[Provided data]

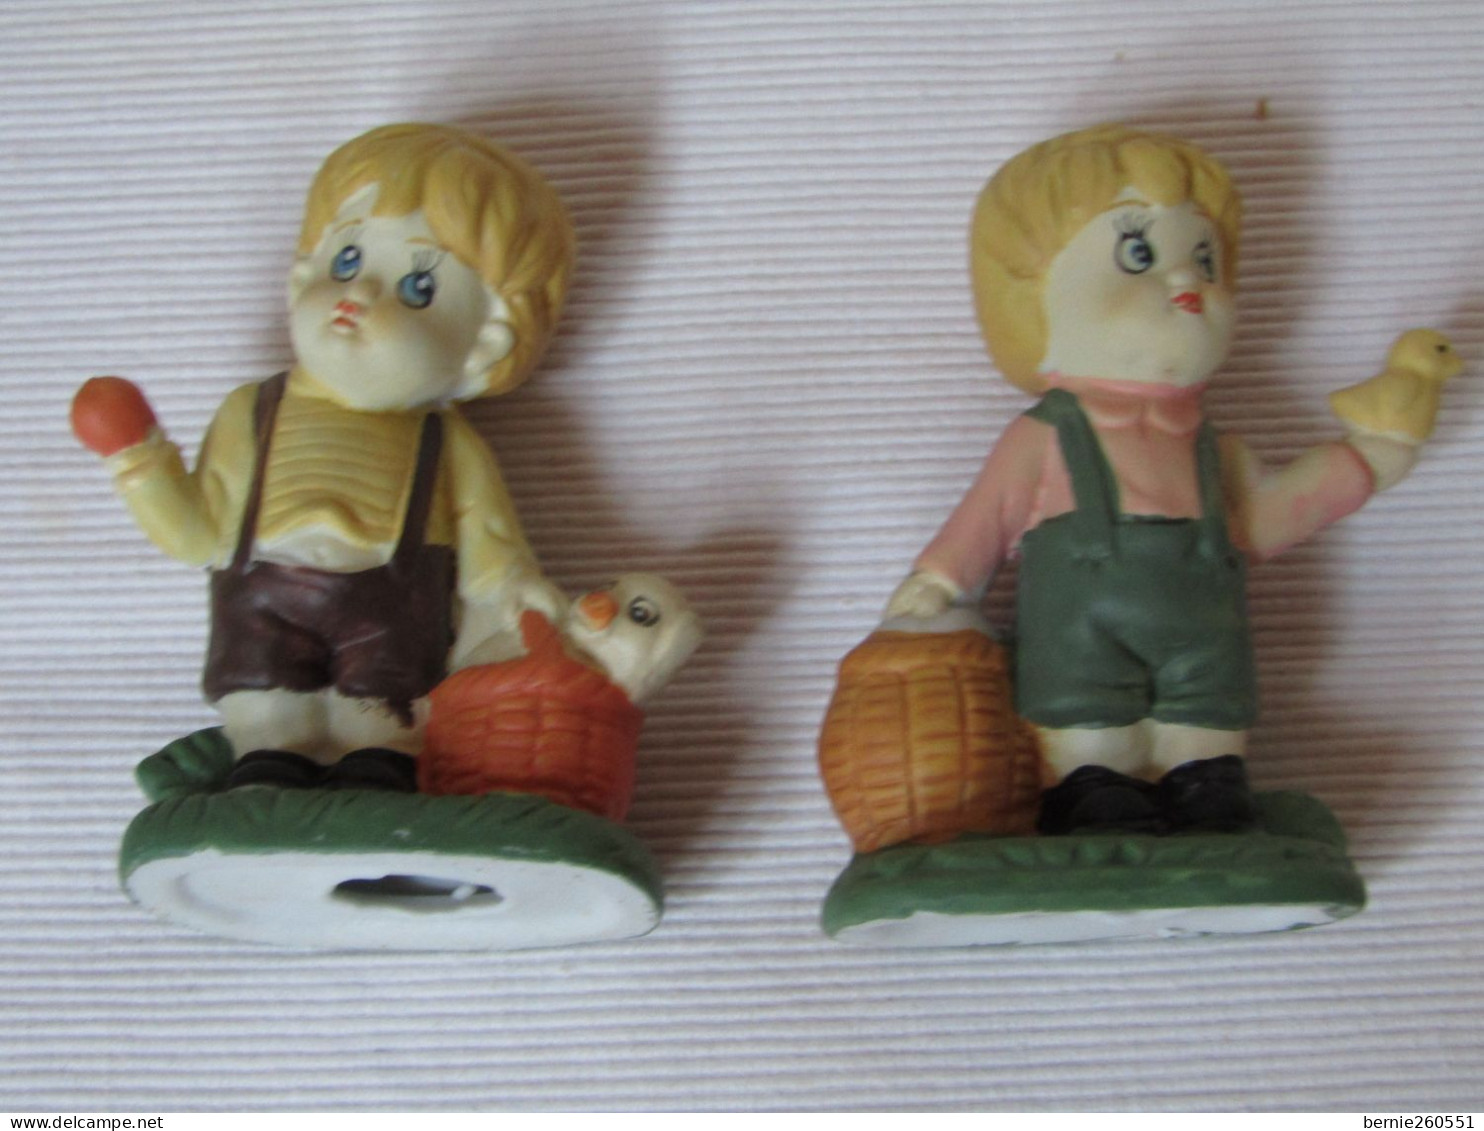 Splendide duo de statuettes en porcelaine allemande
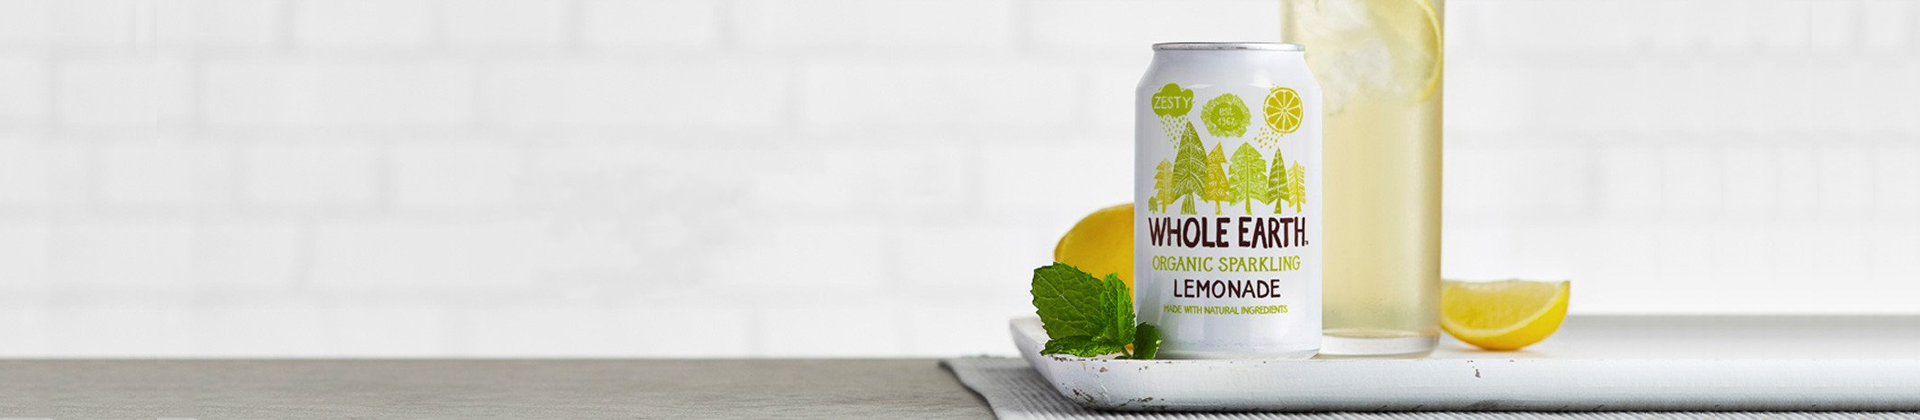 Whole Earth Organic Sparkling Lemonade.
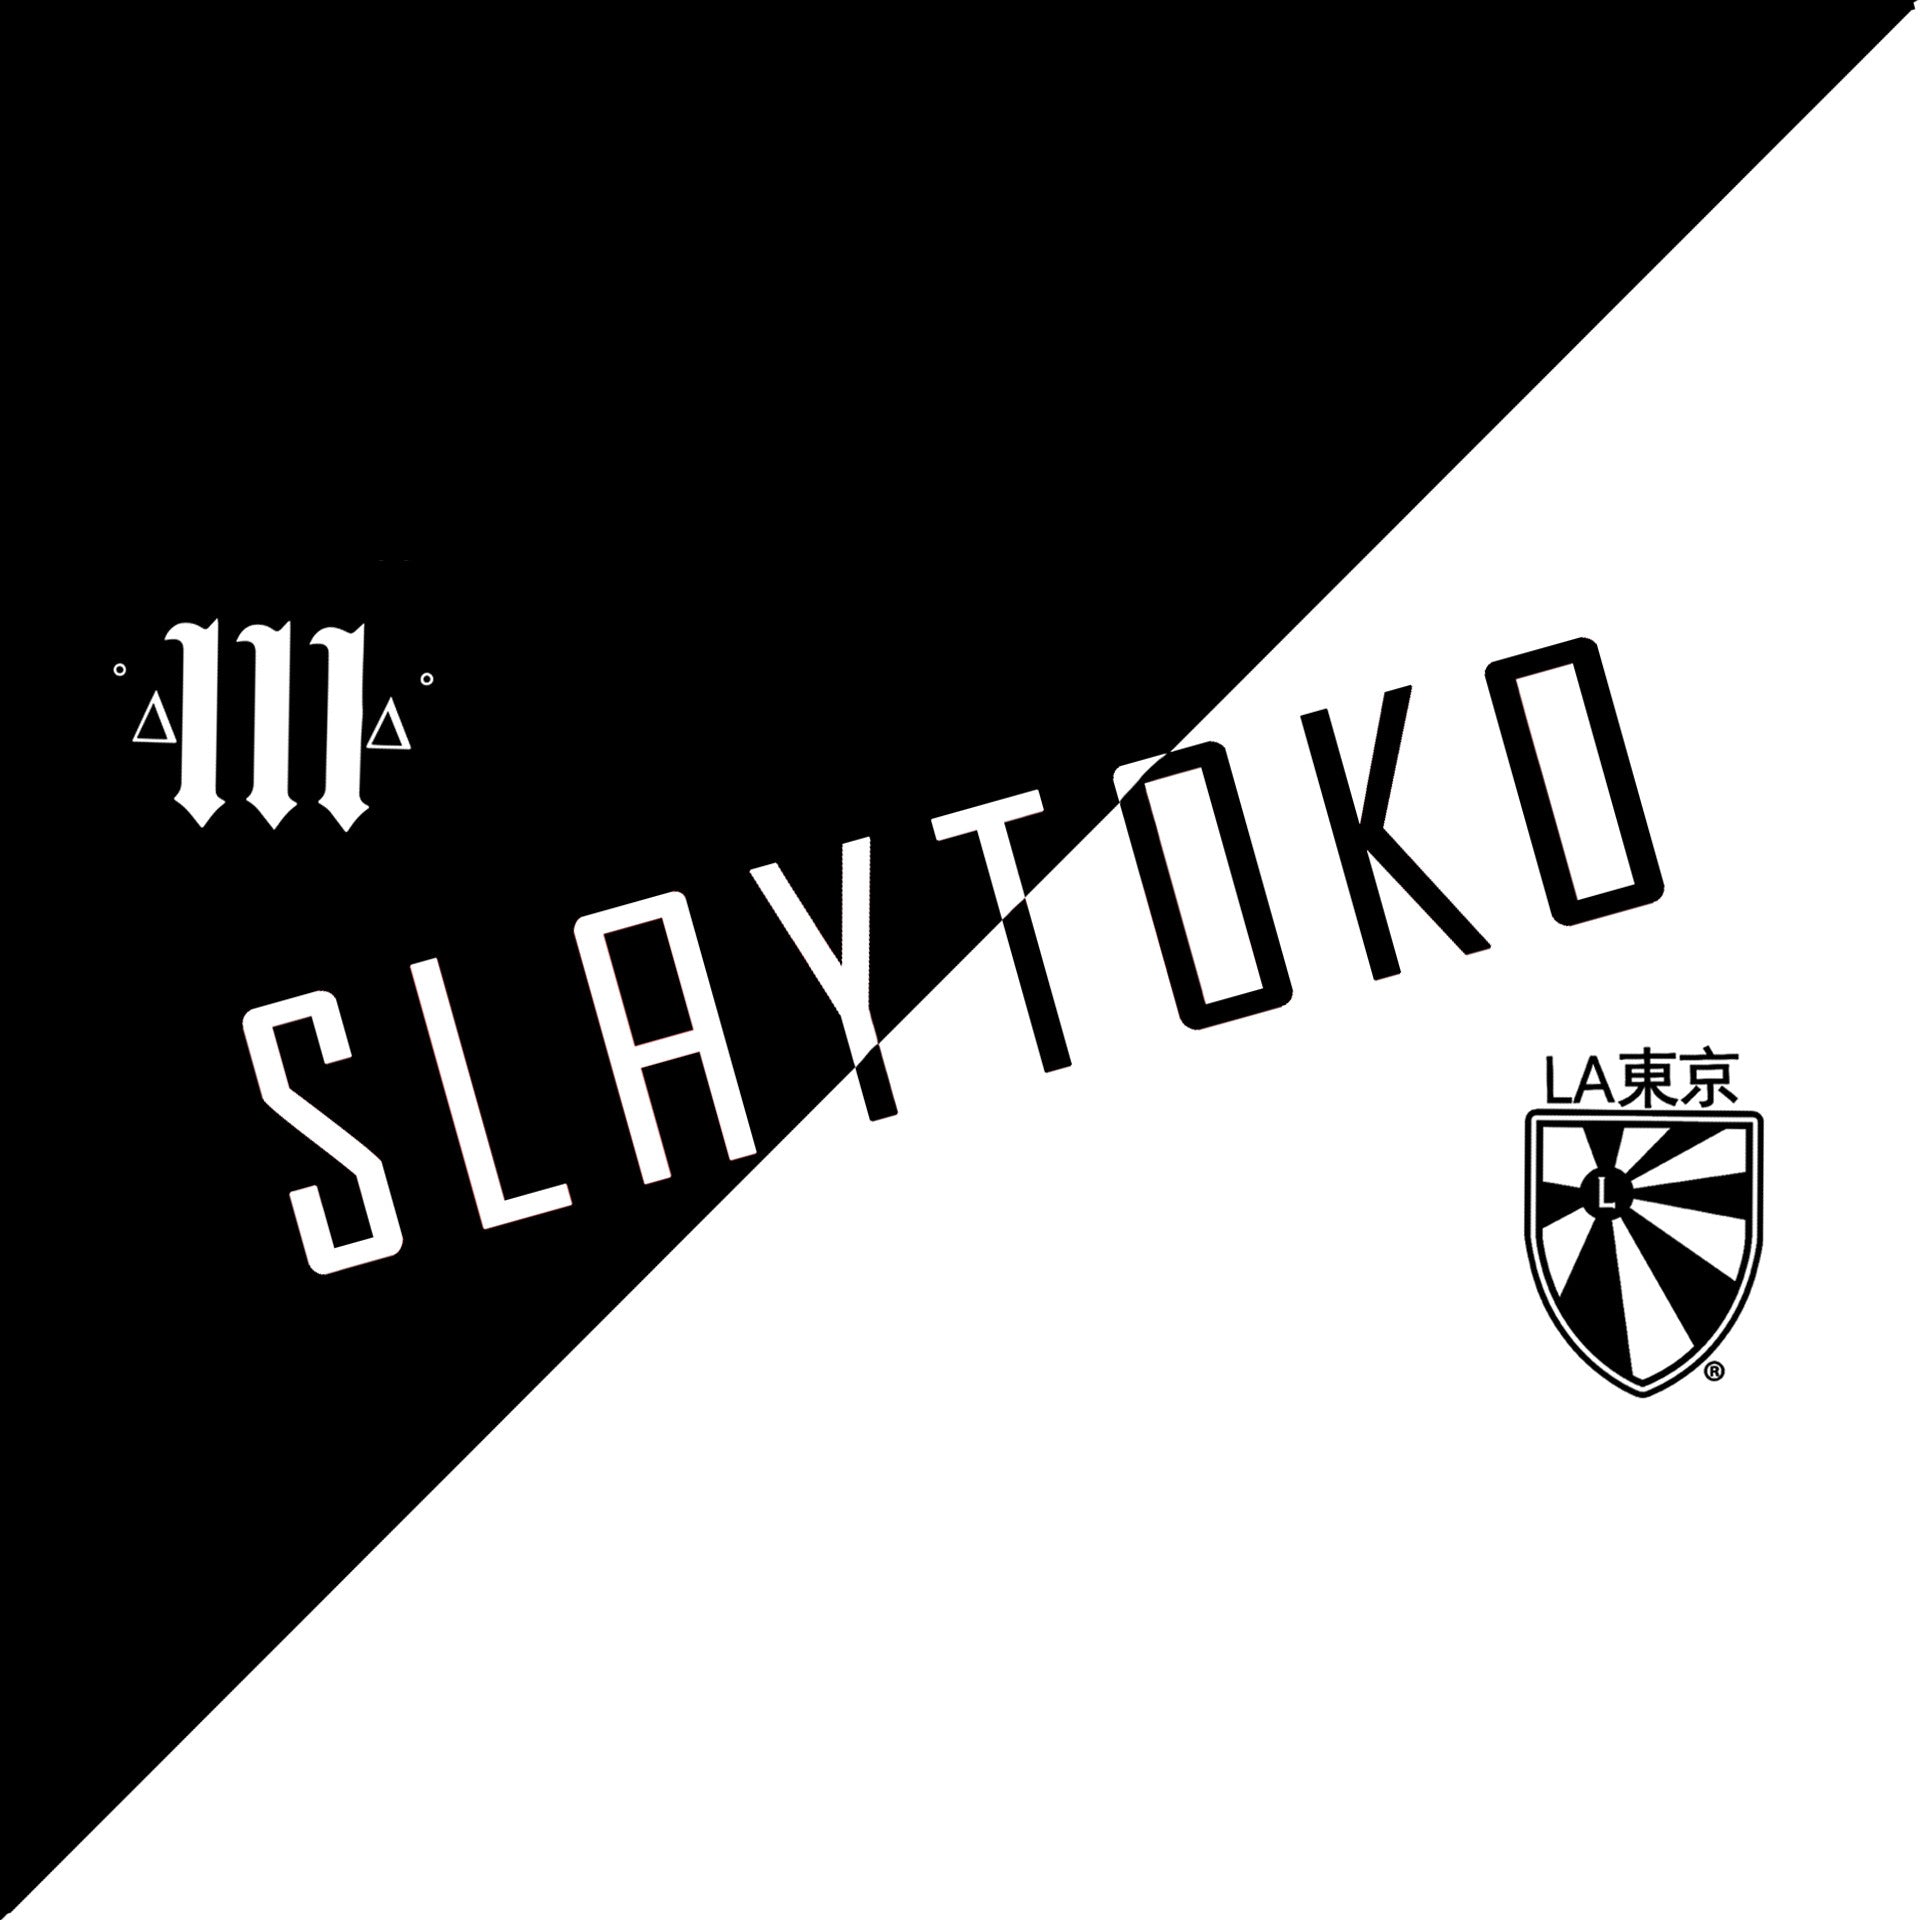 Slaytokyo Recap (Release Party)

[/Provided data]

Work task:
Return the full listing exactly as written, without any of its images.

Answer to the exercise:
 Splendide duo de statuettes en porcelaine allemande
 Whole Earth Organic Sparkling Lemonade.
 Slaytokyo Recap (Release Party)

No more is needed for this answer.